Conversion of the all cis-hexose allose to fructose 6-phosphate in Aerobacter aerogenes requires the activity of three enzymes—allokinase, allose 6-phosphate isomerase, and allulose 6-phosphate epimerase (7). This pathway appears to operate also in Escherichia coli.
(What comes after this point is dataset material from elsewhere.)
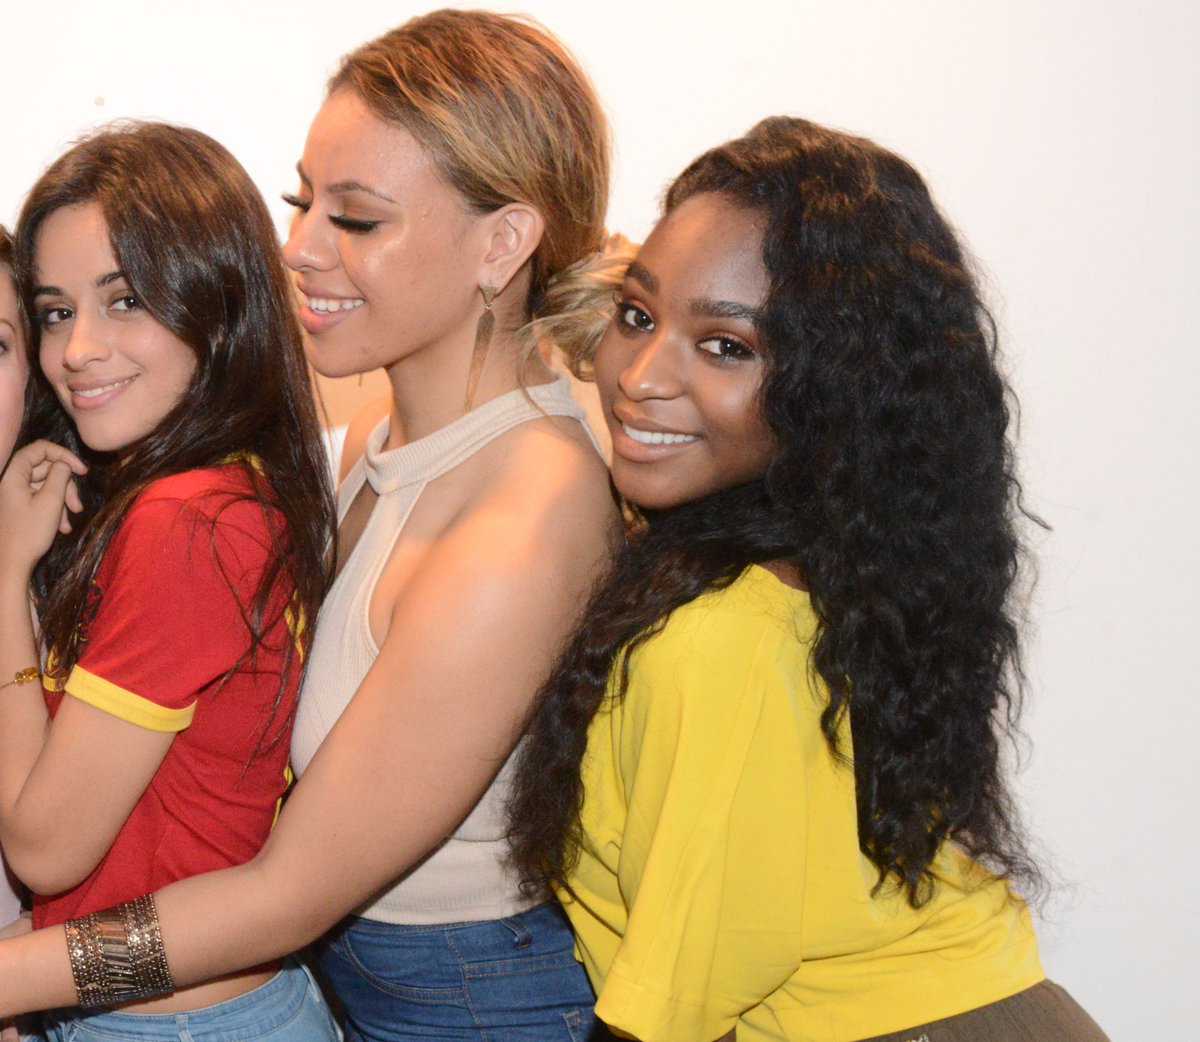 Camila, Dinah, and Normani in the Rochester Hills, Michigan meet and greet....

Thus, five contiguous genes (alsRBACE), expressed as one operon, encode a periplasmic binding protein-mediated transport system (alsB, alsA, and alsC), a putative hexose phosphate epimerase (alsE), and a regulatory protein for allose utilization (alsR). A potential sixth member of the operon (alsK) has been postulated to encode allokinase (9). Ribose utilization requires among other enzymes ribose 5-phosphate isomerase. In E. coli, two ribose phosphate isomerases, A and B, have been identified biochemically (5, 6) and genetically (18, 20). Ribose phosphate isomerase A, encoded by rpiA, is synthesized constitutively, whereas the synthesis of ribose phosphate isomerase B, encoded by rpiB, appears to be increased following growth of cells in ribose-containing medium. A repressor protein, encoded by the rpiR gene, is involved in regulation of rpiB gene expression. Thus, rpiR strains contain elevated activity of ribose phosphate isomerase B (6, 20). The rpiB and rpiR loci are located next to each other at 92.8 min on the linkage map, but are divergently transcribed, with rpiB transcribed clockwise (20).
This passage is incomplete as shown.